Кабинет-министр приосанился, гордись.
— Проект, — сказал, — над коим я много лет тружусь не напрасно. Ныне мы его честь и обсуждать будем. Совместно станем править его для блага отеческа.
Важна здесь особливо портфеля вот эта: «Генеральный проект о поправлении внутренних государственных дел»… От него-то и учнем Россию из бед вызволять!
Распахнул он штору зеленого бархата — взору гостей предстала библиотека богатая. Вся крамола собралась здесь: Макиавелли, Юст Липсий, Боккалини, Бассель, Тацит и прочие… Над проектом Волынского конфиденты рассуждали по-всякому, часто слышались имена Бориса Годунова и Мессалины.
— Царица наша распутством такая же Мессалина, — говорил Еропкин. — Сластолюбие в ней сопряжено с жестокостью. Помните, как Мессалина любовника своего Гая Силия возжелала на престол возвести? Глядите, дворяне, как бы и наш Бирон шапку Мономаха на свой парик не напятил.
— Годунова я не виню, — сказывал Соймонов. — Мудрый был и рачительный государь. Хотел он породнить дочь с принцами иностранными, так и.. что с того?
Греха нет. А кончилось тем, что изнасильничал ее Гришка Отрепьев… Вот и сейчас! Неужго не приметили? Бирон-то, новоявленный Лжедмитрий, начинает к Елизавете в Смольную подъезжать. Бабенка она легкая, как бы греха не вышло…
Волынский поднялся духом до того, что попрал в себе авторское тщеславие. С чистым сердцем отдал он проект свой для доработки совместной. И теперь каждый его «согласник» руку свою к нему старался приложить.

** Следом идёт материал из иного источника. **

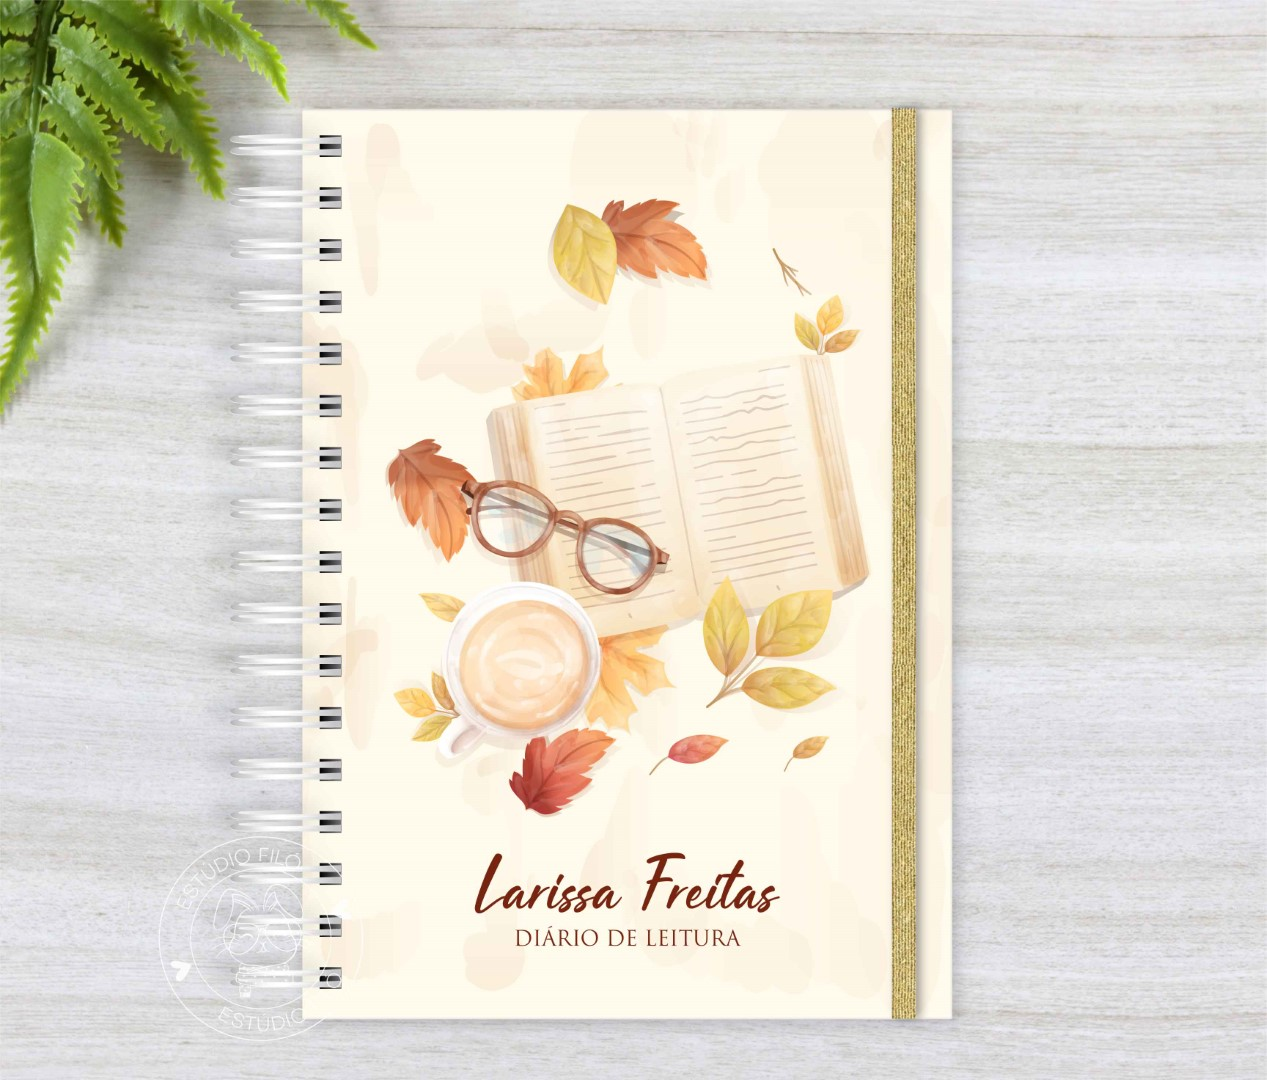 Diário de leitura outono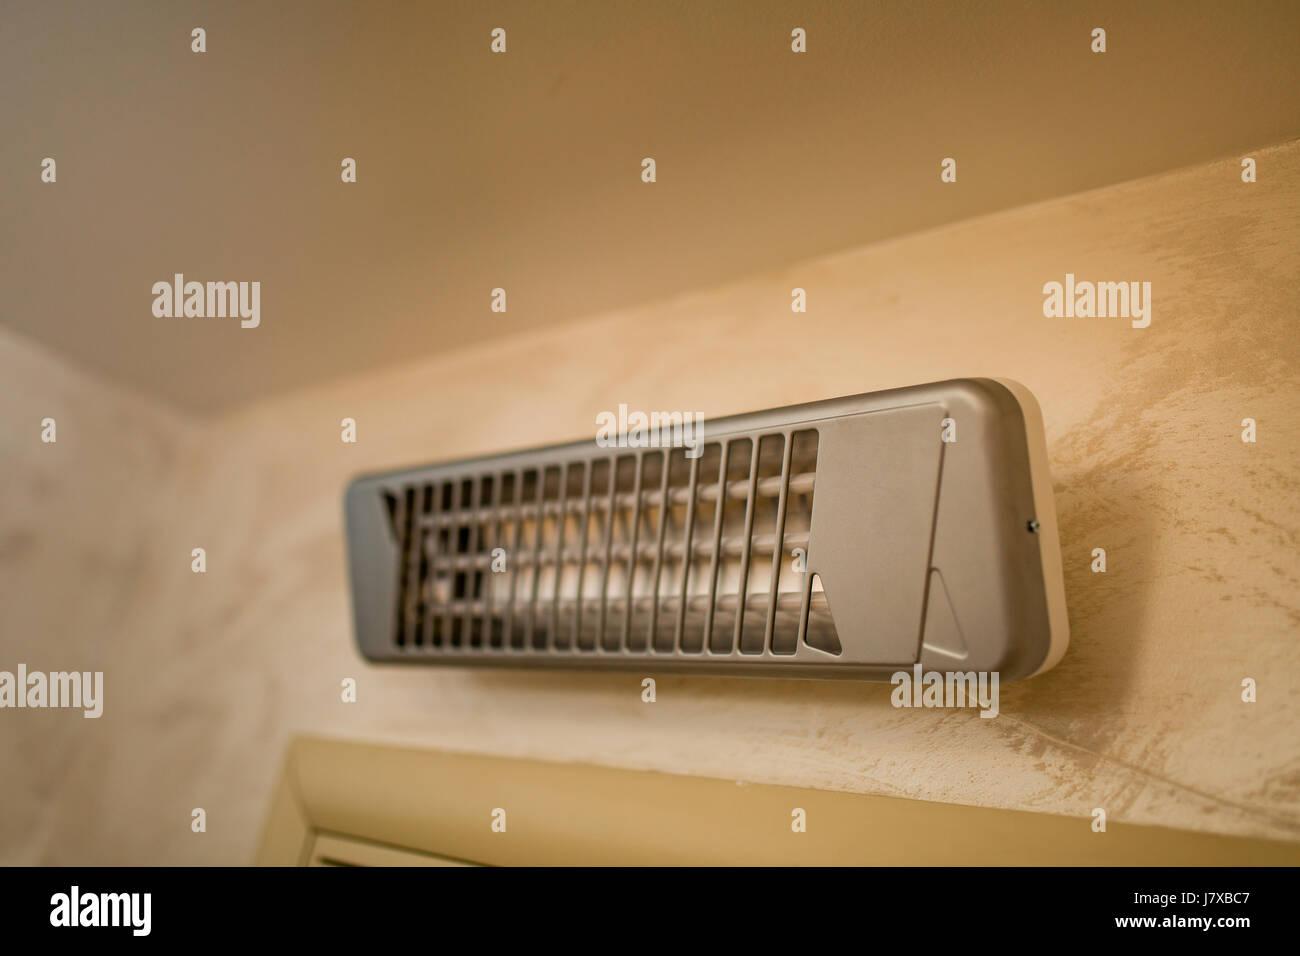 Infrarot-Heizung an der Wand im Badezimmer Stockfotografie - Alamy

У кого что болело, тот крик боли своей в проекте Волынского излагал. Явился и президент Коммерц-коллегии, граф Платон Мусин-Пушкин; финансист и заводчик, страшный ненавистник придворных немцев, он тоже в работу включился. Вот они! Врачи, переводчики, офицеры, механики, архитекторы, моряки, садовники, гвардейцы, монахи, — как их жгло, как их корежило… Как страстно желали они гнет чужеродный изломать, чтобы вывести корабль России из затхлого пруда на чистые, вольные воды!
Федор Иванович Соймонов из списков Адмиралтейства был исключен, но флота вниманием не оставлял. Обер-прокурор Сената, он издавал сейчас двухтомную лоцию по названию «Светильник моря», готовил учебник по навигации для штурманов корабельных. Сочинил для «Санкт-Петербургских ведомостей» статью большую «Известия о Баку и его окрестностях». Каспий был колыбелью его, не забылись ему огни бакинские, Соймонов писал о нефти с восхищением, как о чуде. А чтобы штурманам легче было правила судовождения запоминать, Федор Иванович правила эти в стихи укладывал, сочиняя длиннющие поэмы по навигации:
Кто, не знав компас или ленясь (курс) исправляет, Тот правый безопасный путь свой погубляет.
Кто же и румб презирает, каким течет море, Тот нечаянно терпит зяо на мелях горе…
Как и каждый поэт, похвалы для себя желая, он стихи свои показал Тредиаковскому, который стихи штурманские разругал по-нехорошему.
— Я пиит, наверно, некрасочный, — согласился Соймонов. — Но хулить себя не дозволю. Ибо легше всего тебе о бабах да цветочках пописывать, рифмой бряцая, а ты попробуй формулу изложи!
В маленький дом адмирала на Васильевском острове друзья редко заглядывали, зная, что хозяин весь в трудах и мешать ему не стоит. Зато все моря России плескались по ночам в кабинете Соймонова, когда он разворачивал карты…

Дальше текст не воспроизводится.